Background: Adjuvant systemic chemotherapy (ASCT) in lymph node-negative breast (LN-) cancers improves survival. The majority of (LN-) patients receive ASCT when the St. Gallen criteria or its modifications are used, as accurate identifiers which patients benefit from ASCT are lacking. This may imply over-treatment in many patients.
Aim: To evaluate which patients or primary tumor factors predict ASCT success.
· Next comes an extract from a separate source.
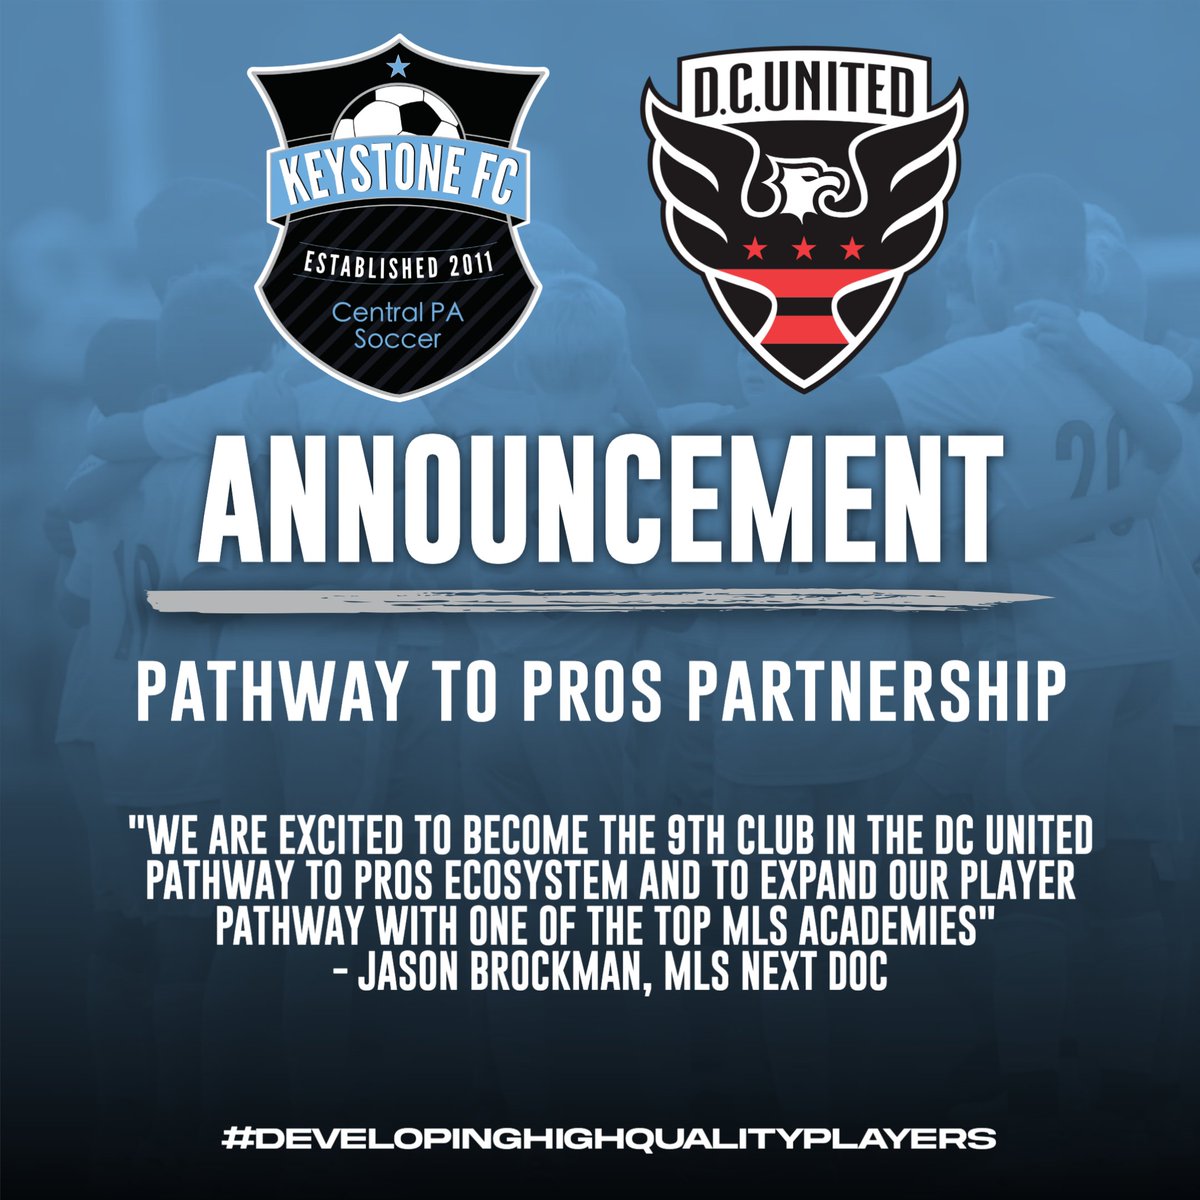 Keystone FC is excited to announce our partnership with @dcunited. Through this partnership Keystone FC and DC United will work together to provide opportunities to Keystone FC players. #developinghighqualityplayers

Material and method: Retrospective analysis by single and multivariate survival analysis of clinical and tumor characteristics in (LN-) breast cancers <55 years, related to ASCT (n=125) or-not (n=516).
Results: The two patient groups did not differ in age, tumor diameter, grade, type, number of mitoses and other factors. Fourteen-year survival for the ASCT and non-ASCT patients was 83% and 74% (Hazard Ratio=HR=0.33; p<0.0001, 9% absolute=12% relative difference). Subgroup analysis showed that the recurrence-free survival=RFS of ASCT treated vs. non-treated patients differed in patients with grade 1 cancers (p=0.008), grade 2 cancers (p=0.004), grades 3 (p=0.02), tumors under and >or=2 cm (p=0.001 and 0.0002), oestrogen receptor-positive or -negative tumors (p=0.003,0.04), MAI < 10 and >or=10 (p=0.005,0.003) and fibrotic focus absent (p=0.002). With multivariate analysis the most important predictor of ASCT effect was the MAI. In patients with slowly proliferating tumors (MAI <3) no advantage was found between patients treated-or-not with adjuvant chemotherapy (RFS=92% and 91%, p=0.13, p=0.63 for overall survival), contrasting those with MAI >or=3 (p=0.0001; HR=0.32, 95% CI 0.18-0.58).
Conclusion: MAI is the strongest predictor of adjuvant systemic chemotherapy success. In patients with MAI < 3 (31% of all patients), ASCT does not improve survival.